All I get is either silence, or just being told that I can do whatever I want.
Life seems pointless.
So I go on thinking about how I tried to make money selling books, or how I tried to make money selling video games. Most people appear to be unable or unwilling to pay even $0.99 for my work. Doesn't make me feel very good about the quality of my work.
Anyway, growing up in school, I was top of the class. The LDS church blessed me with an especially blessed mind, which must've sent me over the top, because in just months after that blessing I became the stupidest boy at school.
Basically, Jesus said the first shall be last and the last shall be first, so if I was top of the class, getting an extra blessing in my mind would obviously drop me to the bottom of the class according to Jesus (believe it or not).
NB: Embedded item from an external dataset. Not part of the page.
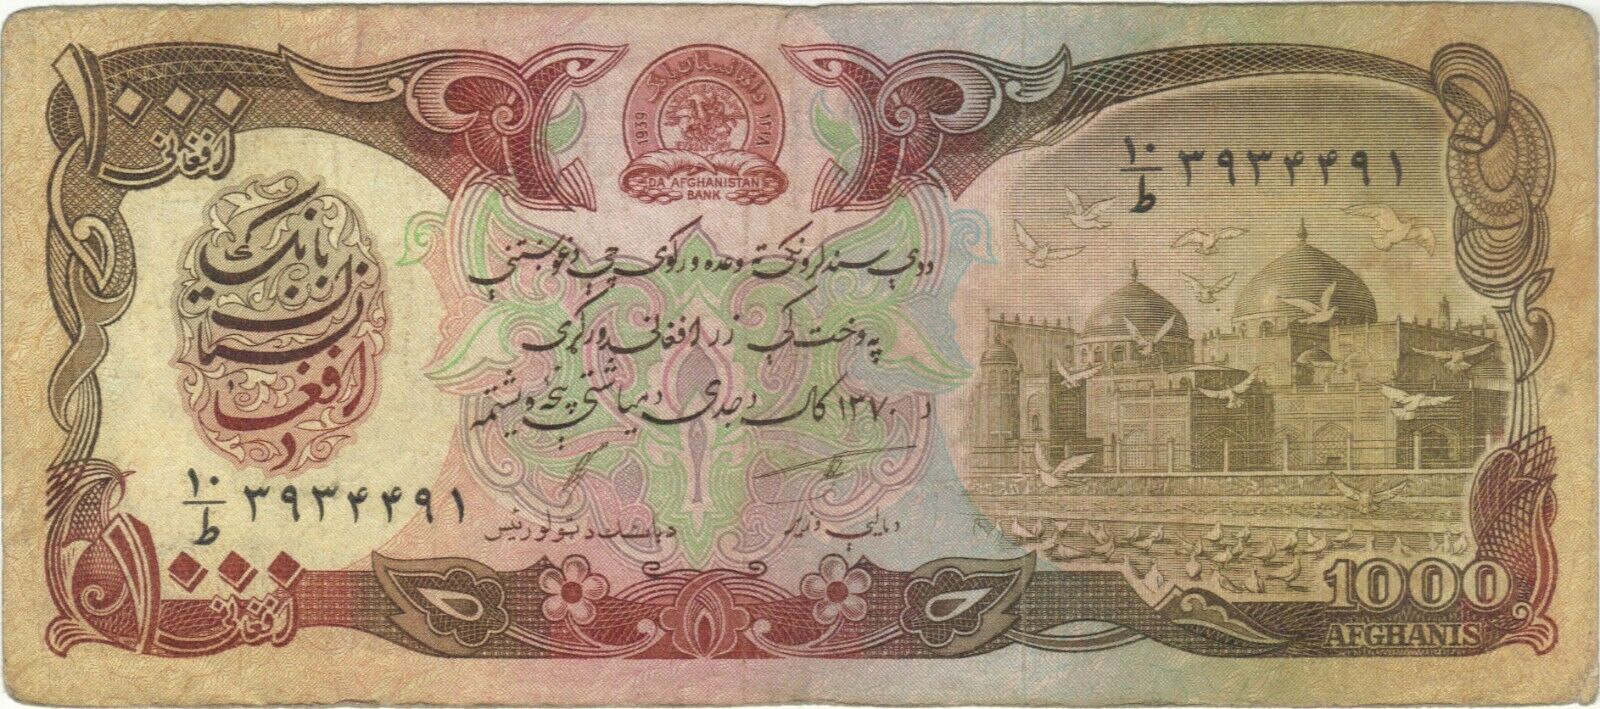 1979 1000 Afghanis Afghanistan Currency Banknote Note Money Bank Bill World Cash

Anyway, I'm like the bottom feeder of the human race, and well, financial life for me just doesn't make any sense.
I get most of my money from welfare. I get the next most amount of money from investing. I make the least amount from selling goods and services.
I mean, the biggest way I make money is to do nothing with myself. The next biggest way of making money involves action, but it doesn't involve me actually serving humanity - I make all this money being completely self-serving. And then I try to serve humanity with entertaining video games or informative books, and I get almost nothing out of it.
So, if I could say this basically:::::
I make most of my money from doing nothing or just being entirely self-serving,
While if I try to provide something to entertain my fellow man, I earn practically nothing.
To me, this situation seems entirely wrong. You'd think I'd be paid more for trying to help others or for trying to do things for other people, and doing nothing shouldn't produce the lion's share of my income.
Maybe I'm just so disabled that the only way I can have money is to be on disability and my products are just such crap that most people aren't willing to spend $0.99 on my hard work ---- obviously, I have nothing to feel very good about,
But it just kind of bothers me. Self-serving self interest with no help provided to humanity earns me all my money, while trying to do something for my fellow man nets me very little to no revenue.
Something just seems so wrong here.
OK ---- so my efforts aren't even worth $0.99 to most people. Doesn't make me feel very good.
I mean, you can stand in line at a grocery market, and you can buy a chocolate bar for OVER A DOLLAR, you can buy most food items for OVER A DOLLAR and people will happily pay for this one-use item that costs so much,,
while I ask $0.99 for an unlimited use item and people just don't buy it.
I guess my life is just worthless crap, I can't make money serving others while I make a lot doing dick-all.